Старушка ушла, но произнесённые ею слова не желали покидать меня так просто – словно мотыльки, что настойчиво бьются о стекло, пытаясь вылететь из тьмы на свет. Так и во мне что-то зрело от услышанных слов, что-то важное, находящее отклик в потаённых мыслях и желаниях.
У меня было чувство, будто в ворохе услышанного скрывается драгоценный ключ, и стоит понять, какое из слов, стоит лишь взять его в руки – всё сразу станет очень просто и легко. Вот только мучительная головная боль никак не давала сосредоточиться и отыскать его.
Но всё же я почти сделала это…
Бокал с водой нестерпимо нагрелся в руке, и я едва не уронила его, обжёгшись. Поскорее отставила на белую скатерть круглого столика у стены. Позади меня ещё одна смеющаяся пара прошла к центру зала, чтобы присоединиться к танцующим. Звон в ушах помешал услышать музыку и понять, что за танец они собираются танцевать.
Я покачнулась и, верно, упала бы, но меня подхватили под локоть.
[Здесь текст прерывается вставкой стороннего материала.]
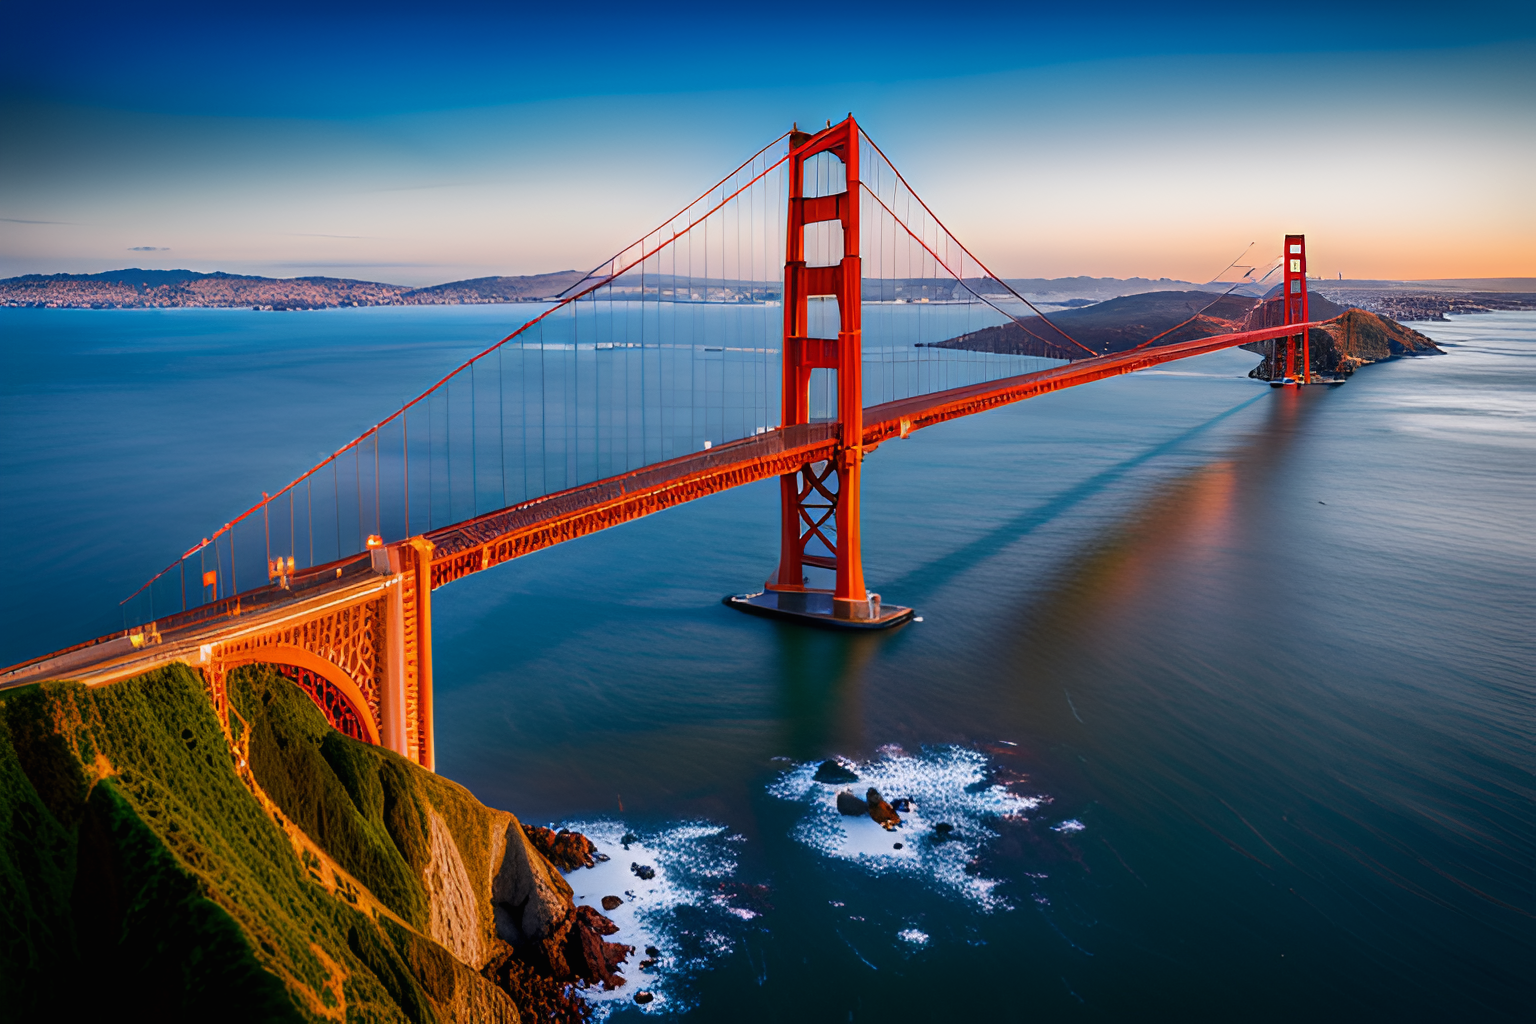 Model of the Golden Gate Bridge in San Francisco

Сквозь слой ваты в ушах донёсся знакомый голос:
- Полегче, крошка Кэт – неужели тебе в голову ударило шампанское?..
Эд подвёл меня к ближайшим креслам и усадил.
Я помотала головой и потёрла лоб.
- Н-нет… я не пила шампанского… Просто здесь очень душно.
Он уселся рядом – сверкая глазами, разгоряченный танцами, которые, несомненно, не пропускал – и принялся что-то говорить. Я понимала с трудом. Кажется, какие-то комплименты. Слова текли сладкой рекой, но их было слишком много, я не поспевала.
Молча смотрела на него, и до дрожи остро сознавала, как же сильно утомляет меня это обилие слов. Эд всегда говорил только приятные вещи. Только то, что я хотела бы слышать. Никогда не смеялся надо мной, не произносил обидных слов и не давал язвительных прозвищ. Но за красивой маской скрывалась ужасающая пустота.
Мне не это было нужно.
Бокал в руках Эда лопнул, и осколки упали ему под ноги.
Я вскочила, прижимая руку к виску. Эд, похоже, списал всё на свою неуклюжесть и рассмеялся. Он вообще много смеялся этим вечером.
Спросил меня что-то – я не поняла, что, и ответила невпопад. Кажется, что пойду в сад, немного проветрюсь.
Мне и правда нужно было на свежий воздух, прочь от людей. Унять головную боль и успокоиться – иначе стану опасной для окружающих.
Я выбежала из суеты бала в мерно стрекочущую вечернюю тишину и с наслаждением вдохнула аромат «ледяных роз Винтерстоуна», плывущий в ранних сумерках. Побрела куда глаза глядят, подальше от общего веселья. Я задыхалась там.